Mary’s eyes hurt. She had looked into the mirror too long, staring as she pulled out hairs. She touched her finger to her brow and it felt swollen.

“Do my eyes look okay?” Mary said.

“Sure. That lavender is nice.”

“It feels like the skin is swollen underneath my eyebrows.”

“So?” Angela said. “It’ll go away by the time we get there.”

“I should have held an ice cube there after I finished. Before I put the make-up on.”

“I thought you didn’t like the way it felt.”

“But I didn’t want to go to the party with swollen eyes.”

“You can hardly tell,” Angela said.

“If they were swollen, you’d tell me, wouldn’t you?”

“You think you’re going to die of this or something?”

“I don’t mean that. I mean, you wouldn’t let me make a fool of myself, would you?”

Angela gave her a disgusted look and shook her head. “Right,” Angela said. “Actually this is a pig party, and that’s why I’m taking you.”

Mary stopped by a wall thick with clumps and swirls of honeysuckle and picked a flower. She sat on the wall, crushing the honeysuckle underneath her. Angela looked at her from the road, sighed and went to where Mary sat. She picked two flowers from the honeysuckle vine and with her free hand pulled her T-shirt out of her jeans so that she could put one flower in each cup of her brassiere.

“I don’t even believe that you’ve got such an insecurity complex,” Angela said. “If you’d feel better if you had a drink, say so.”

“Go without me,” Mary said. “I don’t want to go.”

“I’m going to be really insulted if you don’t come,” Angela said. “I’m going to think that you don’t think I’m your friend.”

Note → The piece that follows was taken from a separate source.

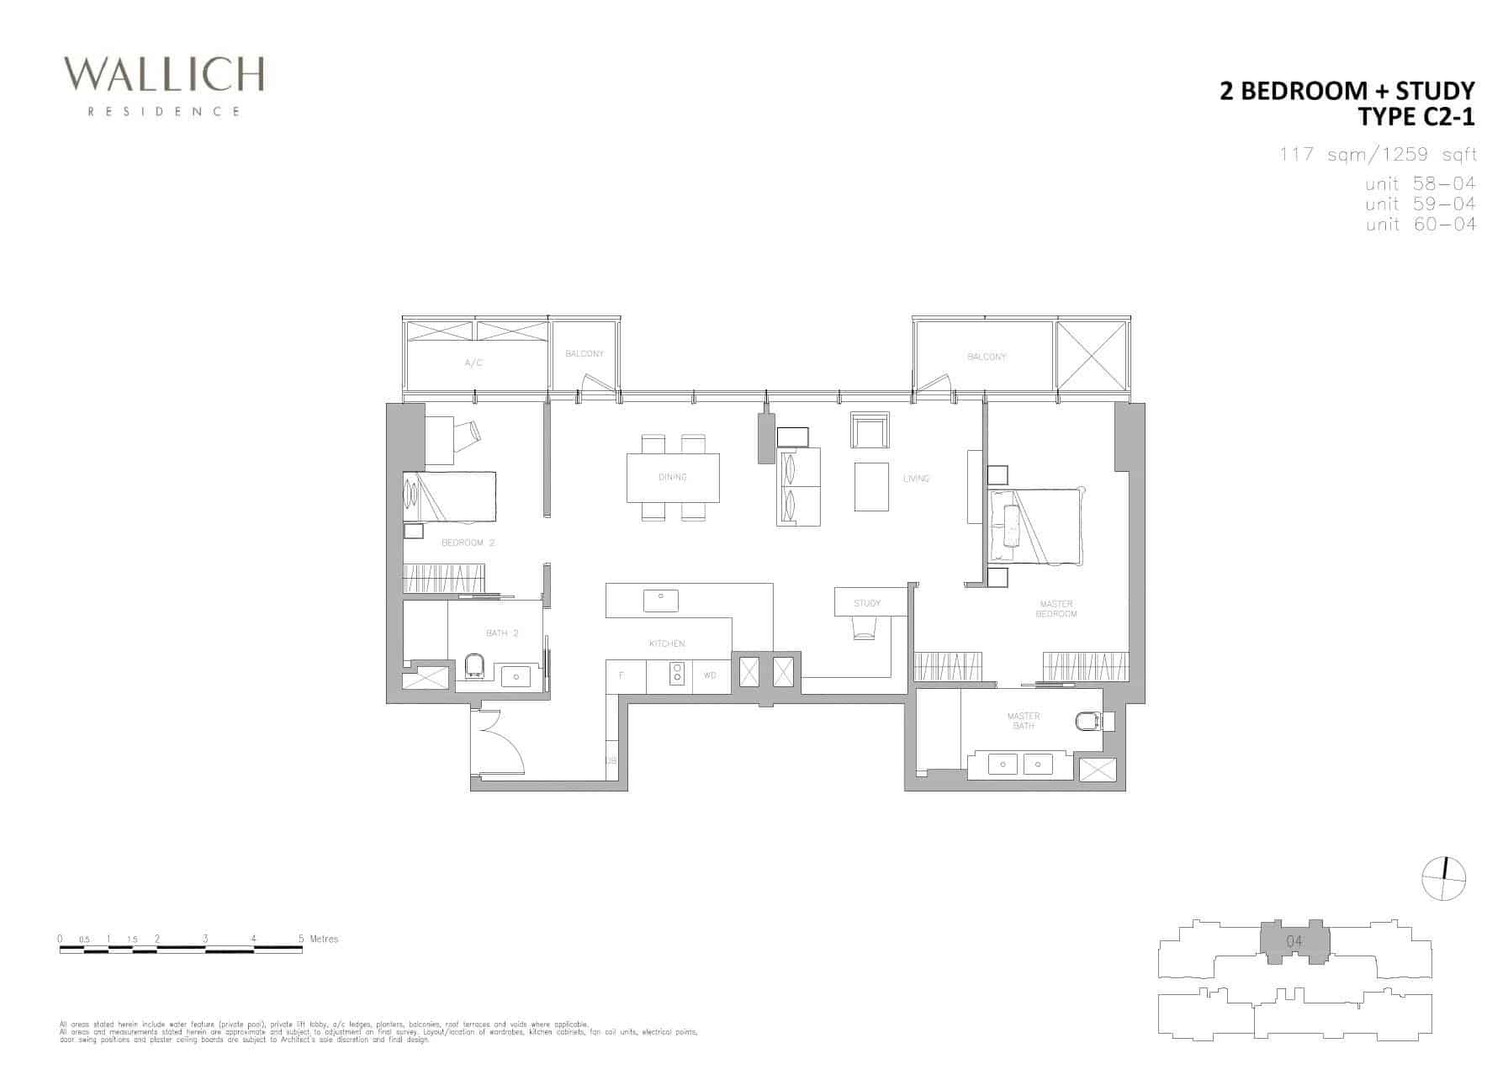 Wallich Residence Type C2-1

Mary twirled the vine through her fingers. She was always in this position: Her father was going to think she wasn’t nice if she didn’t pretend that John Joel was thin; her mother thought she had flunked English just to rebel against her. Now Angela wasn’t going to be her friend if she didn’t go with her.

“If you keep being moody when you grow up, you’re never going to get somebody to live with you,” Angela said. “Maybe if you’d practice smiling, it would help a little.”

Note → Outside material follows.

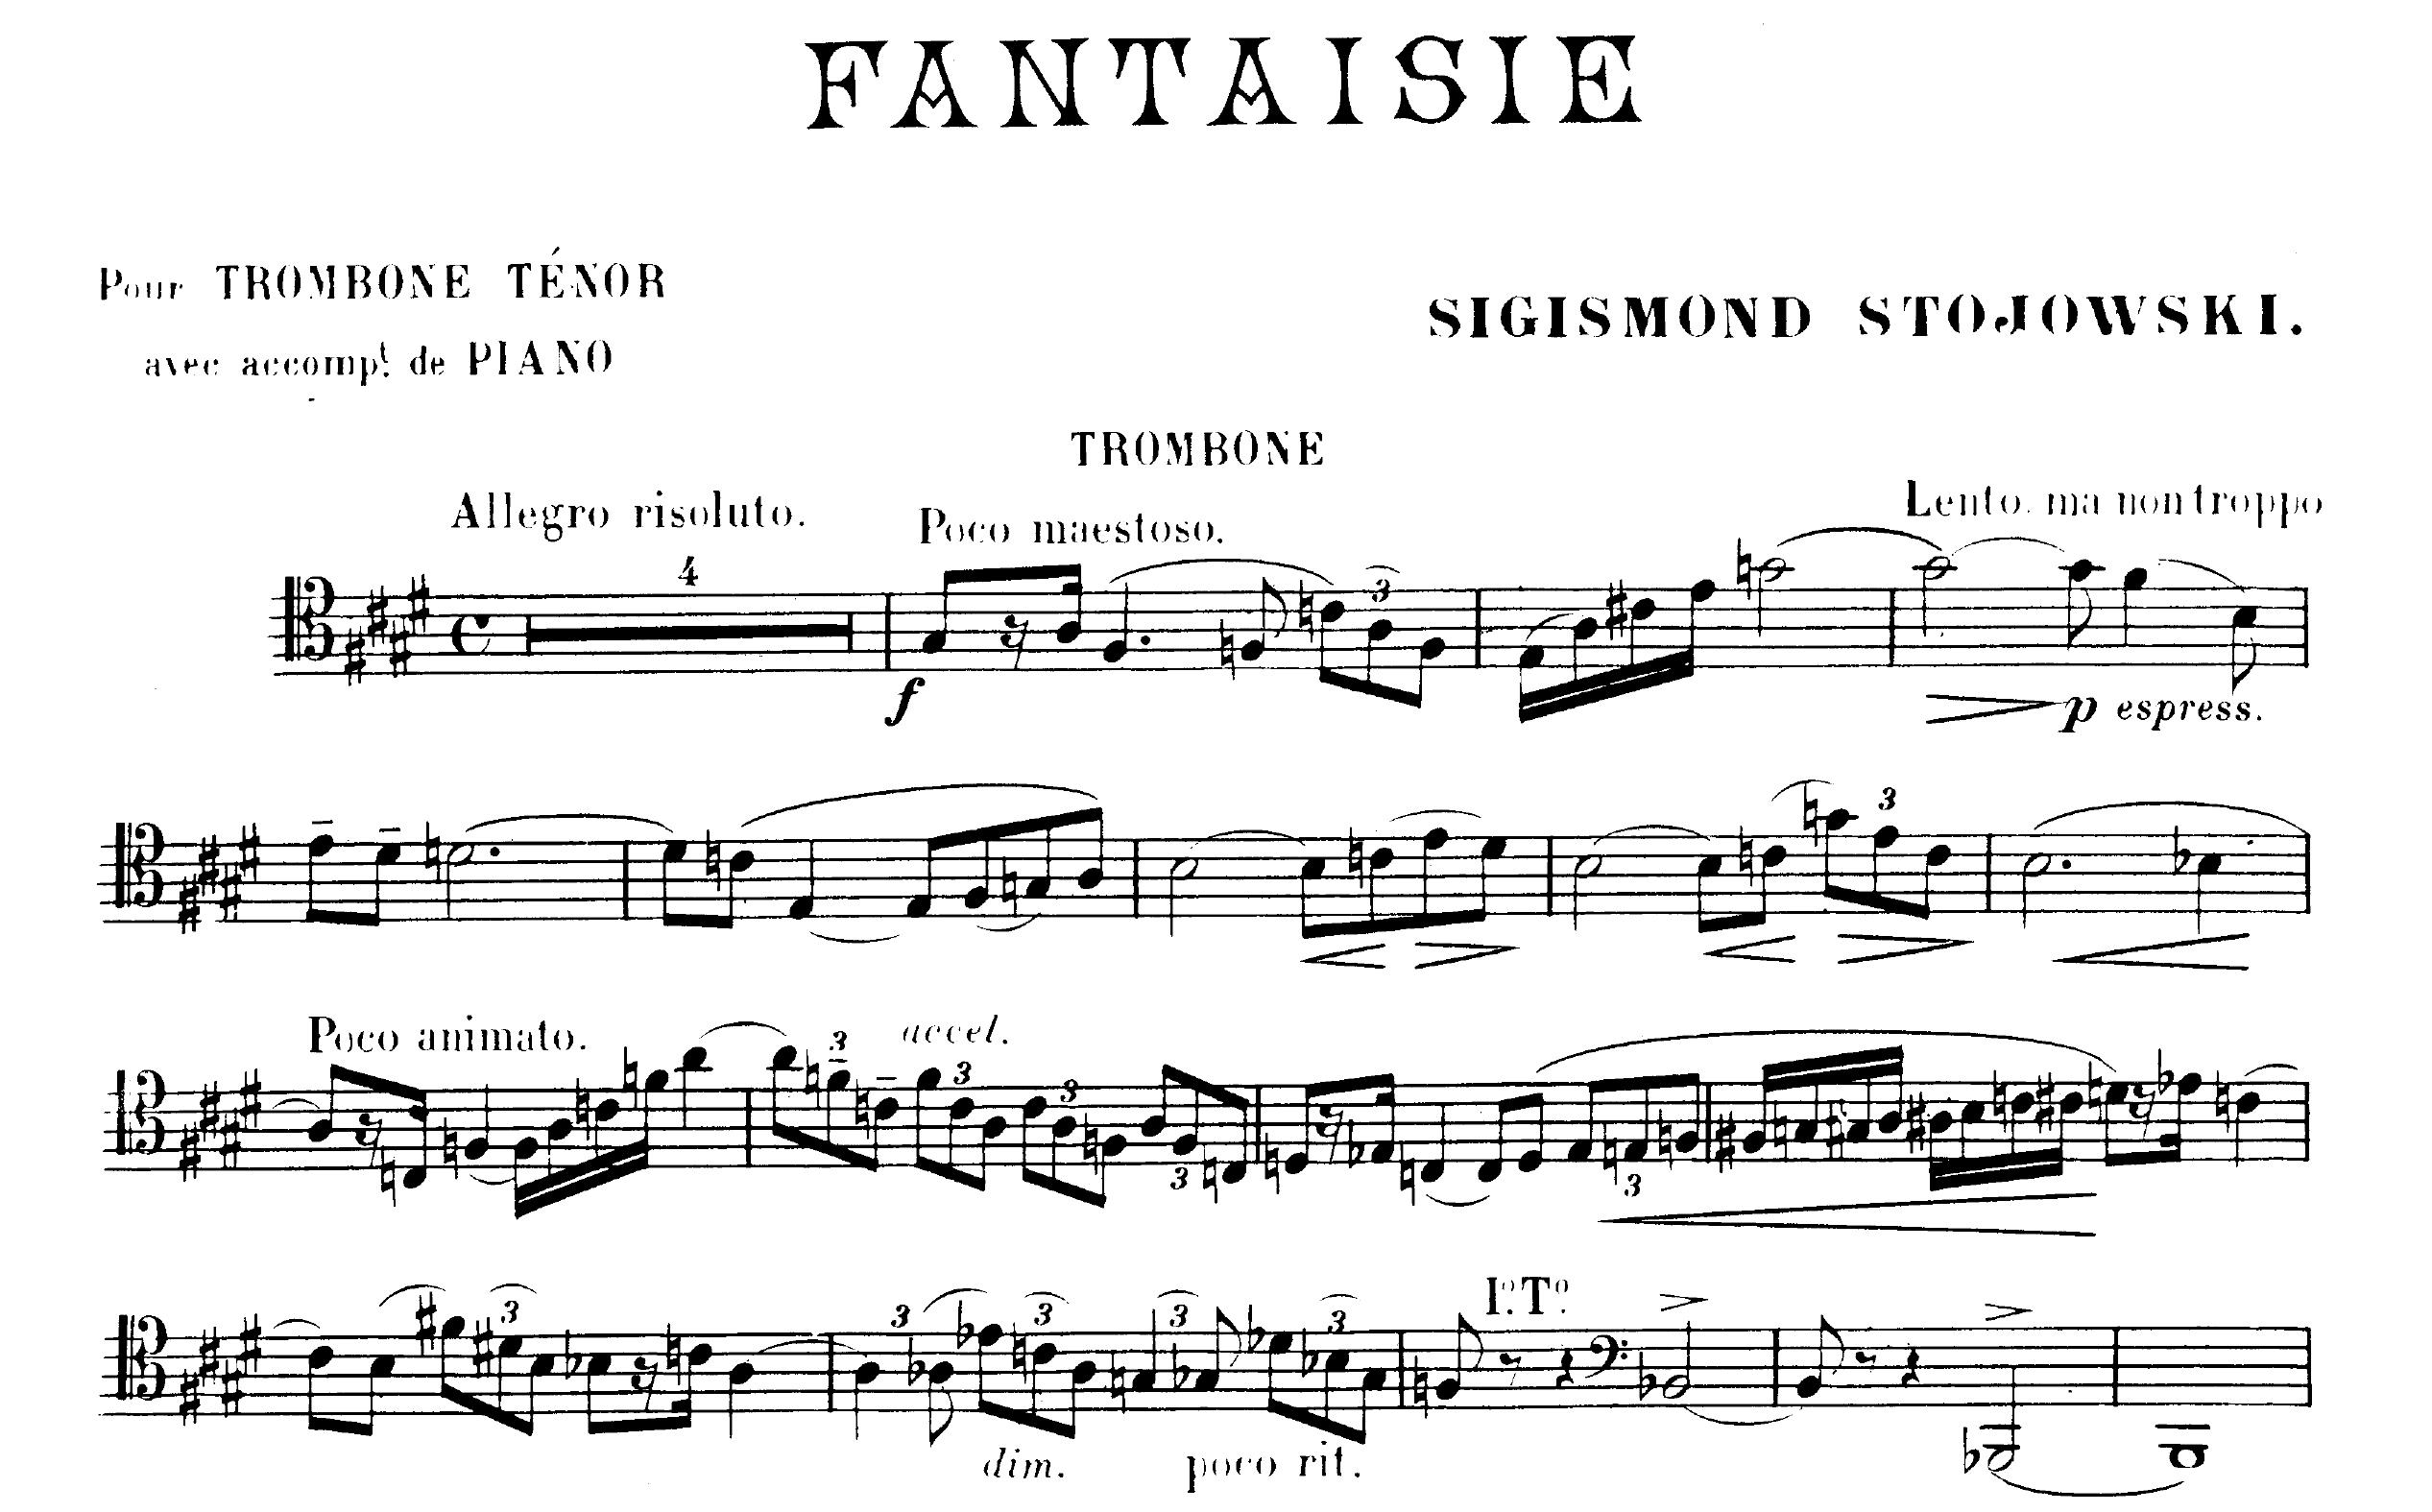 Stojowski_Fantaisie_trombone_incipit

Mary was already sure that she wasn’t going to live with anybody. She didn’t want to. She wanted to live alone, and not have to listen to what people expected all the time. She hoped that when she was twenty she didn’t have one friend. She hoped that everybody at the party hated her so she could practice not caring, so people’s opinions wouldn’t matter to her when she was an adult. She would have told Angela what she was thinking, but she couldn’t stand the sound of her own voice. Boys wouldn’t ever like her, because she would never be able to think like Angela. In a million years, she wouldn’t have thought to put honeysuckle in her brassiere. She would never have hidden things working for her, because even things on the surface didn’t work for her. She wished she had worn her own T-shirt, because it was stupid to imitate Angela. Angela was as good as gone, anyway: It was just a matter of time until she was famous, or married to somebody rich. And when she was, Mary wouldn’t be speaking to her anyway.

It was quiet walking along the road — so quiet that she could hear Angela swallowing vodka.